Greenlight given to appeal bid

- JONO GALUSZKA

Lake Horowhenua campaigner Philip Taueki will be able to appeal a conviction of escaping police custody, as he may not actually have been in custody at the time of the apparent escape, despite police saying they had arrested him.

In a judgment issued on Monday, the Court of Appeal decided Taueki’s case was of such public importance that it needed to be heard.

Taueki, of Muaupoko, has campaigned for years to have Lake Horowhenua cleaned up. The Crown has conceded a failure to protect the lake from pollution.

He has also had a longstandi­ng dispute with a local rowing club, which occupied a building on the lake’s foreshore in March 2014.

The building was allegedly burgled and defaced by Taueki, and he was subsequent­ly arrested.

He was allowed by police to drive to his home near the lake to get personal items.
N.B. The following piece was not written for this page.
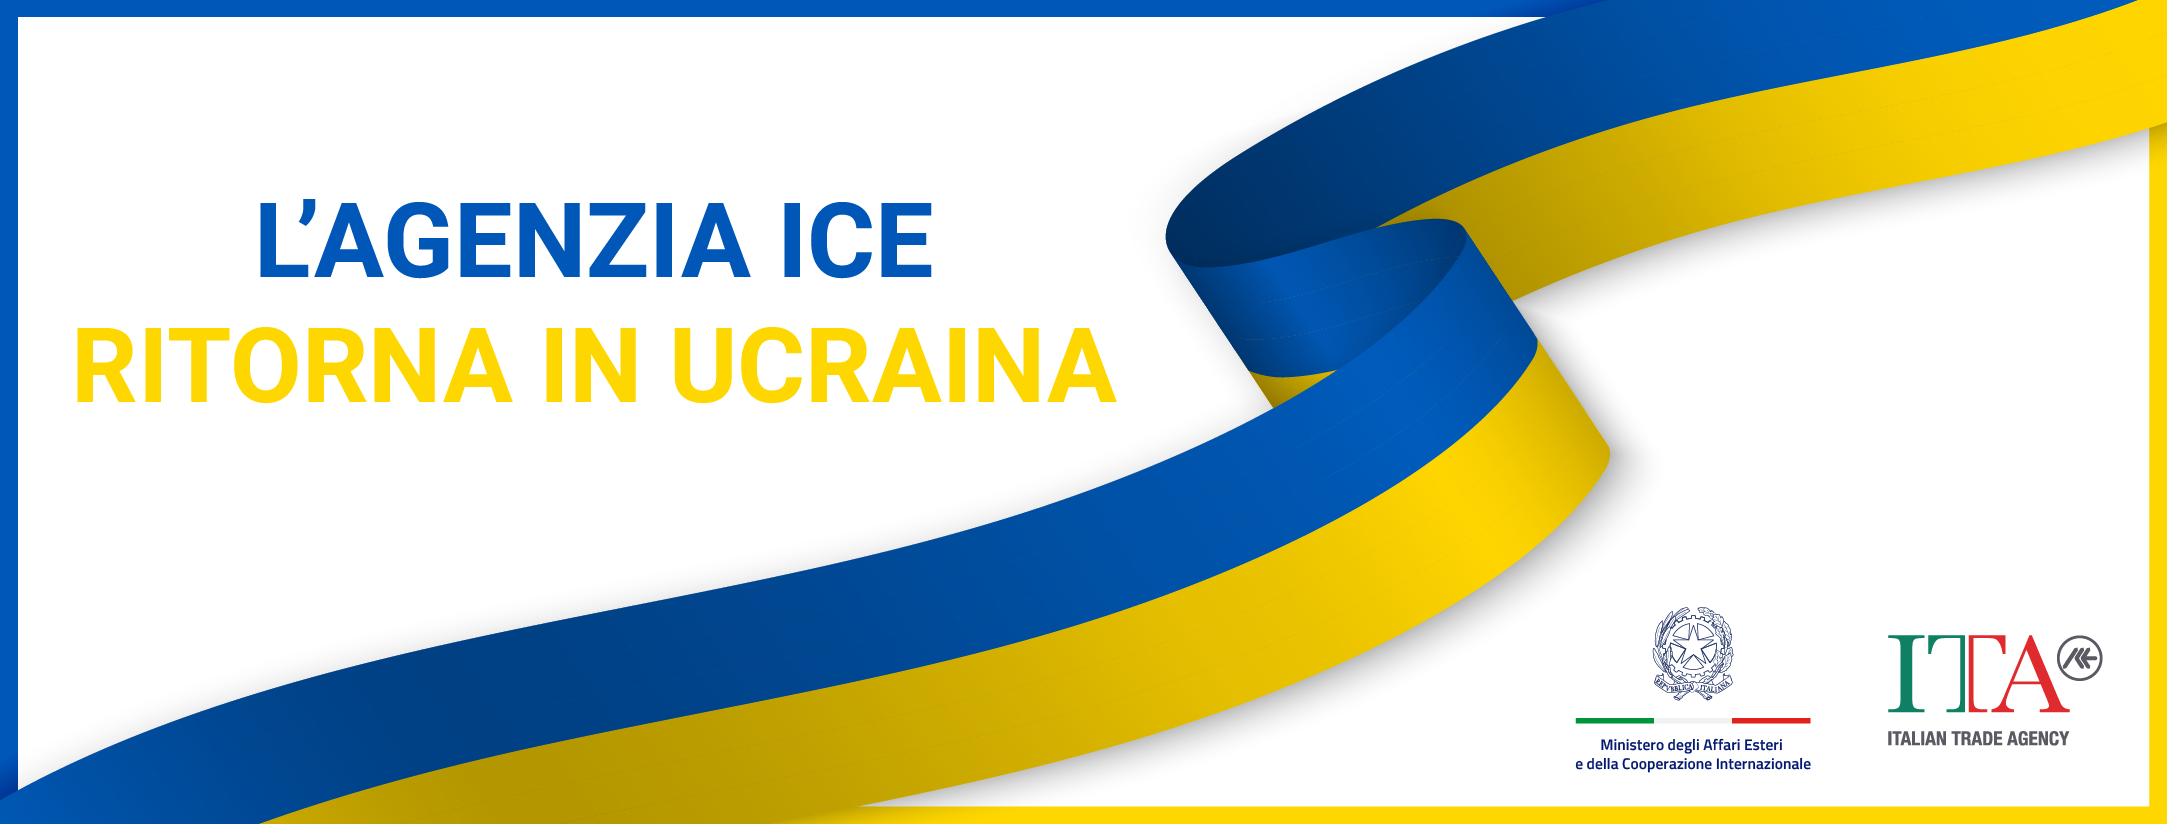 L'Agenzia ICE ritorna in Ucraina
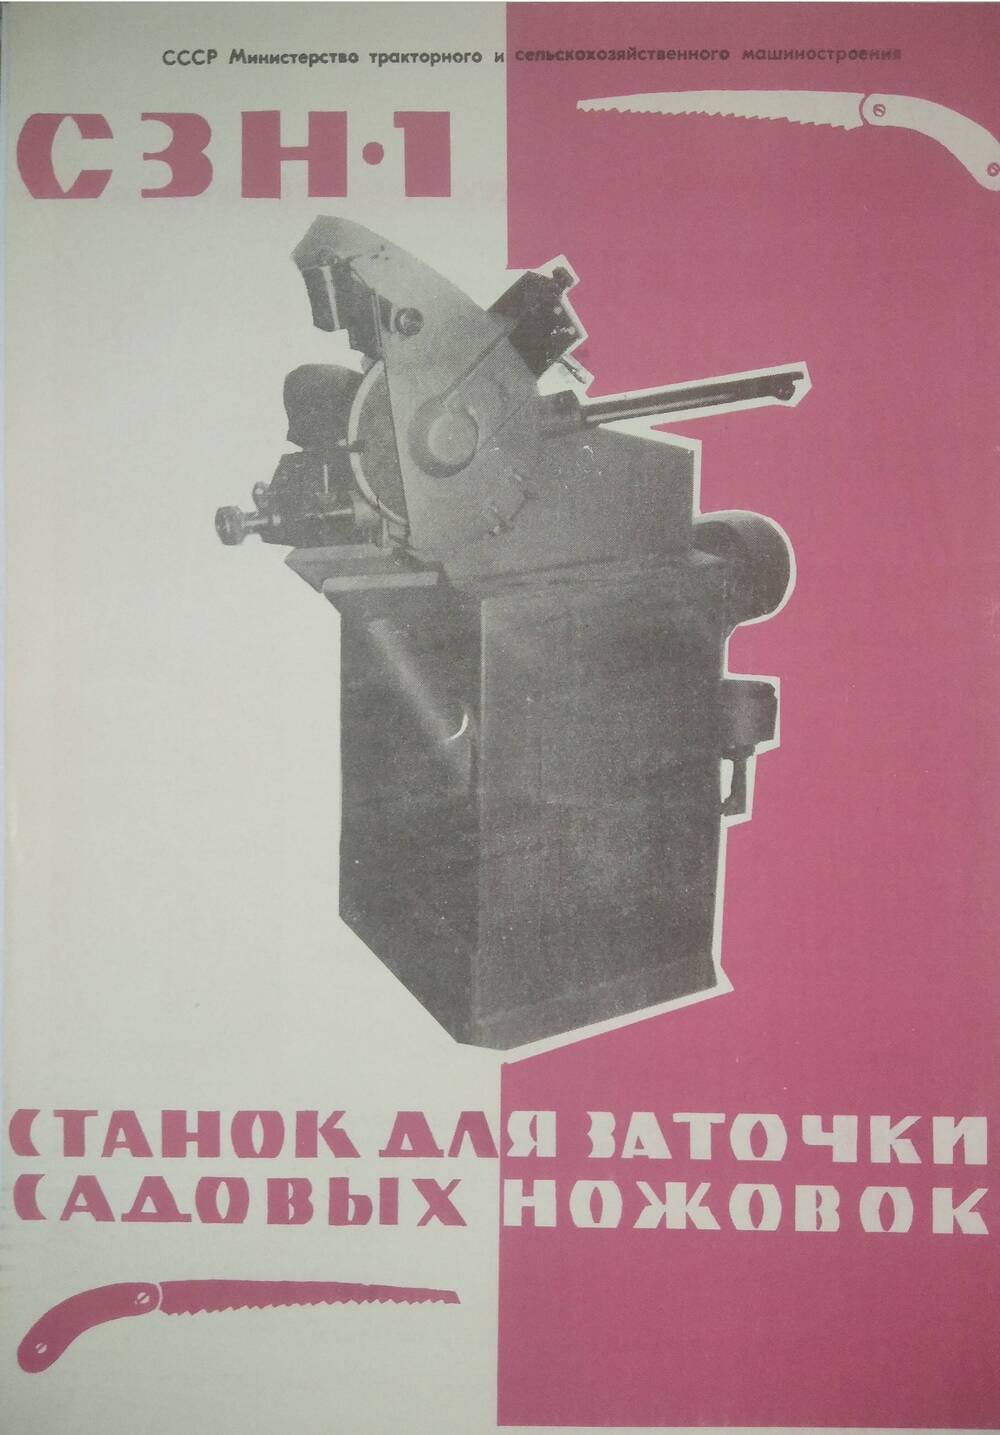 Реклама Павловского опытно-экспериментального завода механизированного инструмента и СКБ по механизированному инструменту.

Police said he then climbed out a window and left, watching police search for him from a nearby graveyard.

Taueki was eventually found and charged with, among other things, escaping police custody.

He was found not guilty of the vandalism and burglary offences, and other charges were withdrawn, but he was convicted and discharged on the escaping charge.

In his decision, Judge Bill Hastings said Taueki asking police if he could get the items was important.

‘‘He asked to go to a particular place for a particular purpose, and the arresting officers consented,’’ he said. ‘‘This does not mean the custody then ended. It means that the custody continued, but on condition and under direction of the police to go to that place for that purpose.’’

The Court of Appeal declined Taueki’s appeal on some grounds, but decided they would hear him on one point - if the police officers maintained custody of Taueki to the point he could be said to have escaped.

In the Court of Appeal judgment, Justice Christian Whata said Taueki put the situation ‘‘colourfull­y’’ when saying ‘‘given permission to leave and remaining in custody is the perfect oxymoron’’.

There were cases when people had been given a day release from prison and had not returned on time, but were still not judged to have escaped custody because they were not in the direct control of prison authoritie­s, Whata said.

On the other hand, people in similar situations to Taueki’s had been convicted of escaping custody. ‘‘We are satisfied that Mr Taueki raises a matter of public importance in terms of defining the circumstan­ces where the police may maintain remote custody of an arrested person and the conditions that must be satisfied in order to maintain such custody,’’ Whata said.

If Taueki could show the conditions for ‘‘remote custody’’ were not met in his case, he may show a miscarriag­e of justice had taken place.

An appeal against a decision to not award Taueki $55,136 in Mckenzie Friend costs - money he says should go to former Horowhenua District councillor Anne Hunt for work she did on his defence - was declined.